The report also says there was very little coordination with civic organisations with most of them reading about the date and activities of the mass action in the independent press. It says a number of issues remained unresolved during the mass action. These included the pre-mature announcement to the press of the intended action, lack of clarity on how to counter anticipated state repression, methods of how ordinary citizens would get information in view of their lack of access to the independent media, methods of how interested individuals would identify party leadership at various strategic points, the role of civic society in mobilising support for the mass action, methods of ensuring accountability and measuring effectiveness of the action, and strategies to account for and assist victims of state repression.

Despite these shortcomings, the report says the mass action was a success because the MDC had managed to bring the nation to halt despite the massive state repression. "The fact that the opposition leader can call on employers and workers alike to close their businesses, and have this call to action heeded nationwide for five full days-despite intimidation and recrimination by the ruling party-is a powerful testimony to the considerable influence the MDC wields," the report says.

But it adds that despite the state repression, "the MDC dangerously oversimplified the problem in its mass communications. Many people entered the week of June 2-6 naively hoping that one decisive week of action would cause an entrenched and determined regime to lay down its arms and concede to negotiations".

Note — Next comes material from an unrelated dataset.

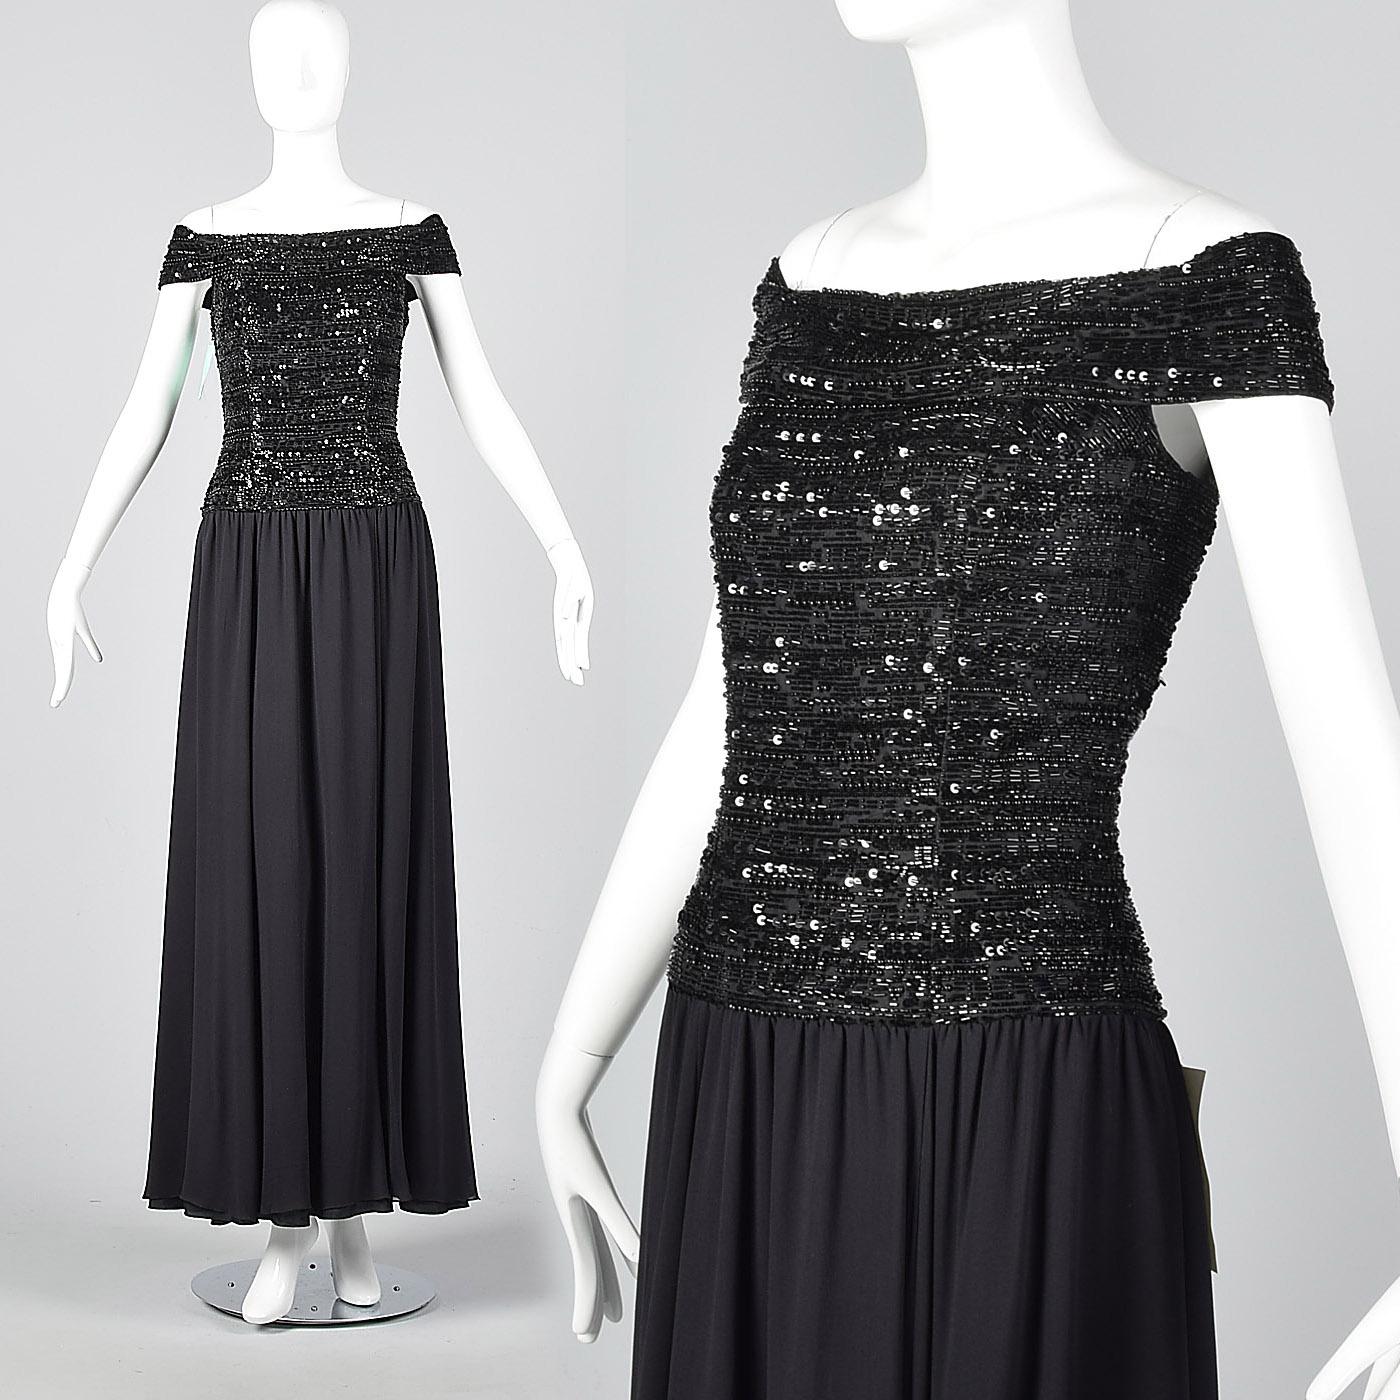 Oleg Cassini Black Tie Summer Evening Dress Elegant Formal Gown ...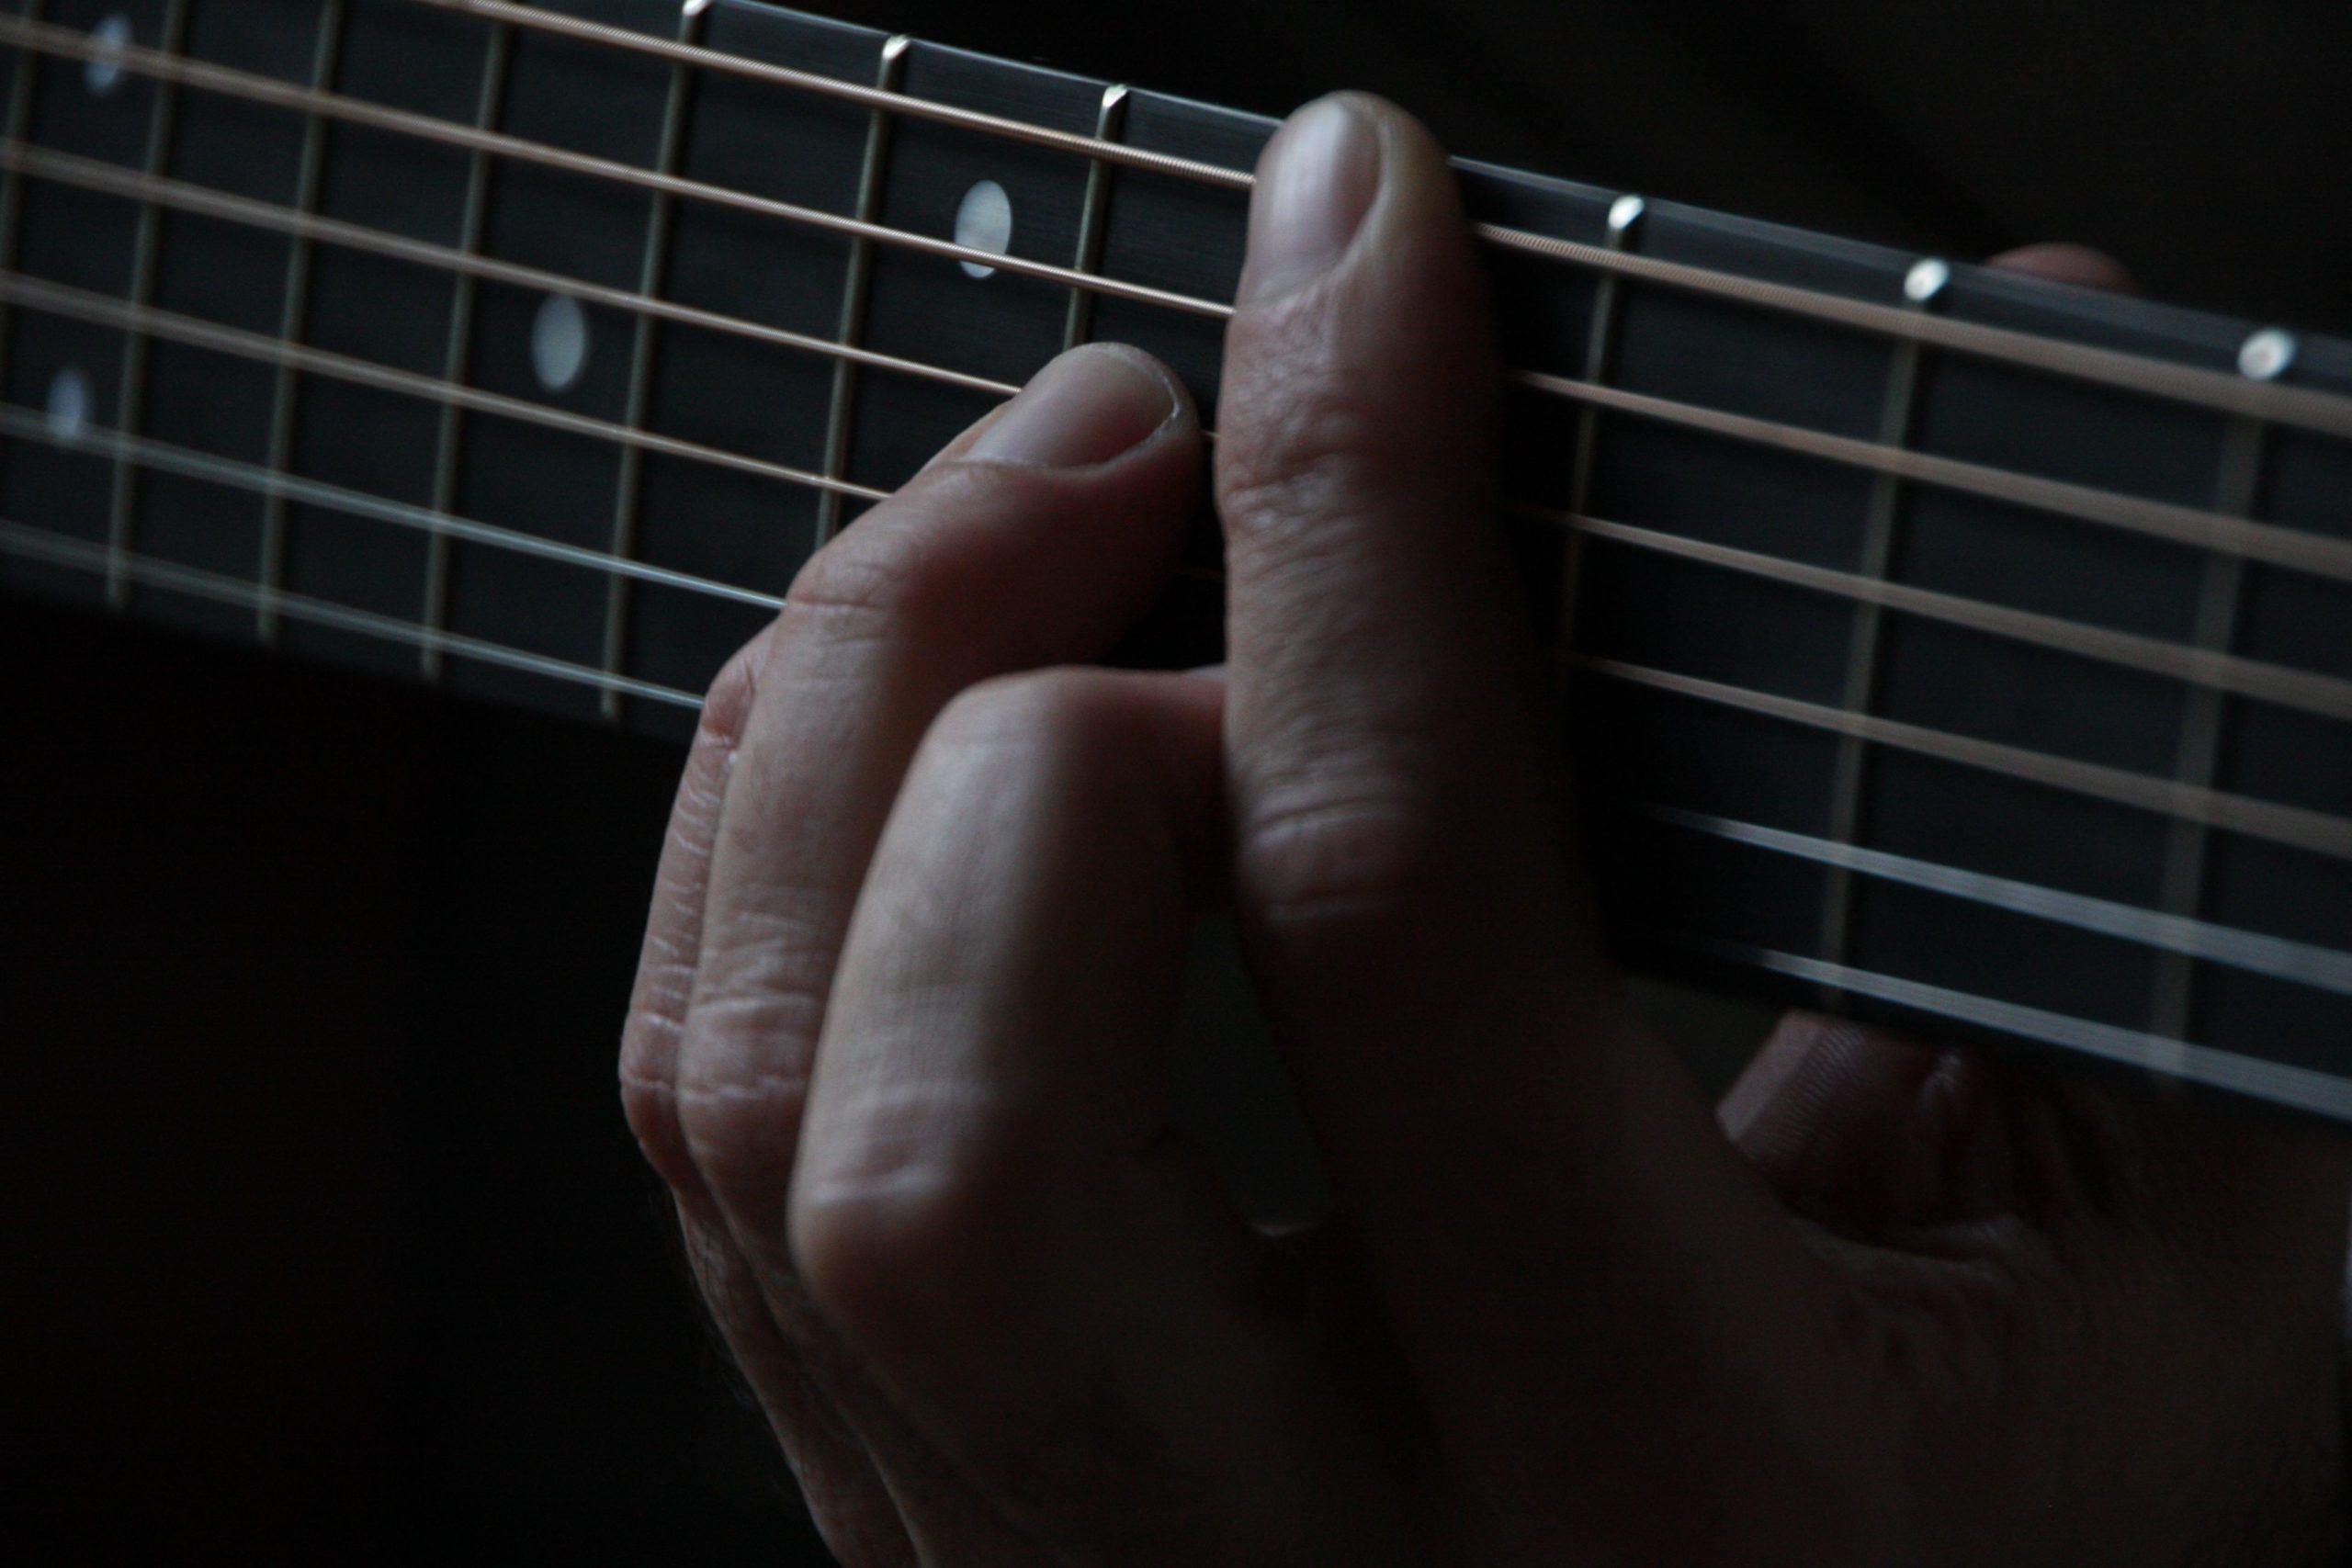 A-que-edad-se-aprende-guitarra

"While psychologically it was important to motivate Zimbabweans that their commitment to mass action could yield an immediate and tangible result, this strategy delivered unrealistic expectations of a swift and decisive victory for the pro-democracy movement. Herein lies the challenge for pro-democracy forces, namely how to maintain realistic expectations of an action while motivating constituents and providing hope to the nation."

The report says the strengths and shortcomings of the "final push" must therefore be analysed carefully and rationally. "The collective frustration of a people ready to defend their rights and insist on good governance is a powerful force. With greater coordination and careful strategising, this will easily become the most important tool in the struggle to achieve a democratic Zimbabwe."